[dropcap]A[/dropcap]s those of you who read RHQ know, I am want from time to time to drive the roadways of West Texas. I call it my “windshield survey time.” I usually stop at a local coffee shop or eatery, sometimes they are the same place. I dress the part—boots and jeans and an older plaid shirt—but still the locals know when you’re not from around there. I always get coffee and whatever someone says is their specialty. That starts a lot of conversations. Soon, someone will ask, “Where ya’ from”? I say, “Lubbock.” Eventually, the conversation gets around to where I work. Then the real fact finding starts.

The topic that I hear the most about is health care shortages. But that’s not how they talk. They’ll say something like, “We don’t have a doctor anymore” or “Our doctor is retiring and y’all need to send us one” or “Our hospital closed last year.” Sometimes, the hospital is on shaky footing and they’ll say something like the only nurse they have works over at the nursing home. There’s a lot of worry out in the mostly rural side of Texas about the health care workforce trends.

I am always surprised at how up to date the people I meet are about things in health care – consumerism, technology, lower reimbursements, etc. Don’t misunderstand, recently I had one of those folks take me over to the local big green tractor company to show me a new AI sprayer that distinguished weeds from crops and applies herbicide to the weeds and fertilizer to the crops. These are no Luddites.

I wish I had more good news for them, though. The projections on workforce in Texas and most other non-urban places in the U.S. are not good. If you study the health workforce supply and demand projections of the Texas Department of State Health Services—comparing the supply of and demand for medical care personnel for the next decade (approximately 2019-2030)—then there is cause for concern.
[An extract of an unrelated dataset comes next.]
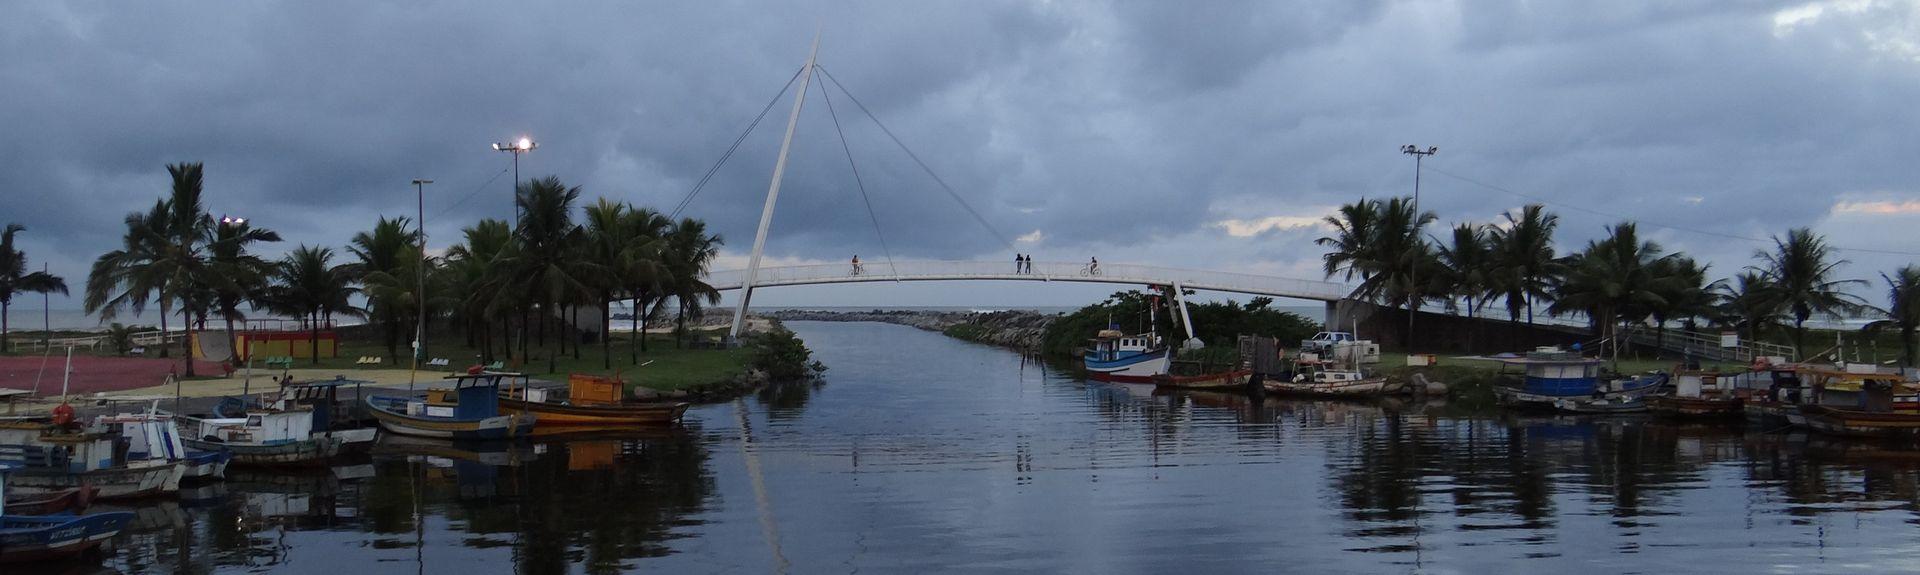 Aracruz, Region Südosten, Brasilien

First, the supply-demand gap is growing for all professions from now until 2030. For nurses, the unmet demand is 18.5%; for physicians the unmet demand is 14%.

We can surmise that these shortages will force at least three critical changes. First, there will be more consolidation in the market of facility-based providers. That means bigger systems will outpace smaller systems in recruitment which means most small, rural communities will continue to lose infrastructure like hospitals and clinics through consolidation and acquisitions. Second, there will be innovations that are likely to depend on the greater use of virtual technologies such as telemedicine and telehealth to rural areas and some inner-city urban areas. That works for some kinds of delivery changes but will result in a rapid expansion and the cultural lag that goes with it such as electronic record systems that typically do not have good interfaces to deliver information critical to good clinical care or sufficient broadband to support necessary things like image sharing. Third, the expansive use of care extenders such as nurse practitioners, physician assistants and the educational programs that produce them. These will face competing forces such as the limited number of practicum sites and preceptors. That will likely favor programs that offer building block or trolley care options where students can build on a fundamental or entry level credential—such as a CNA to LVN to RN to BSN, etc.—to allow them to continue to work as they pursue the next credential.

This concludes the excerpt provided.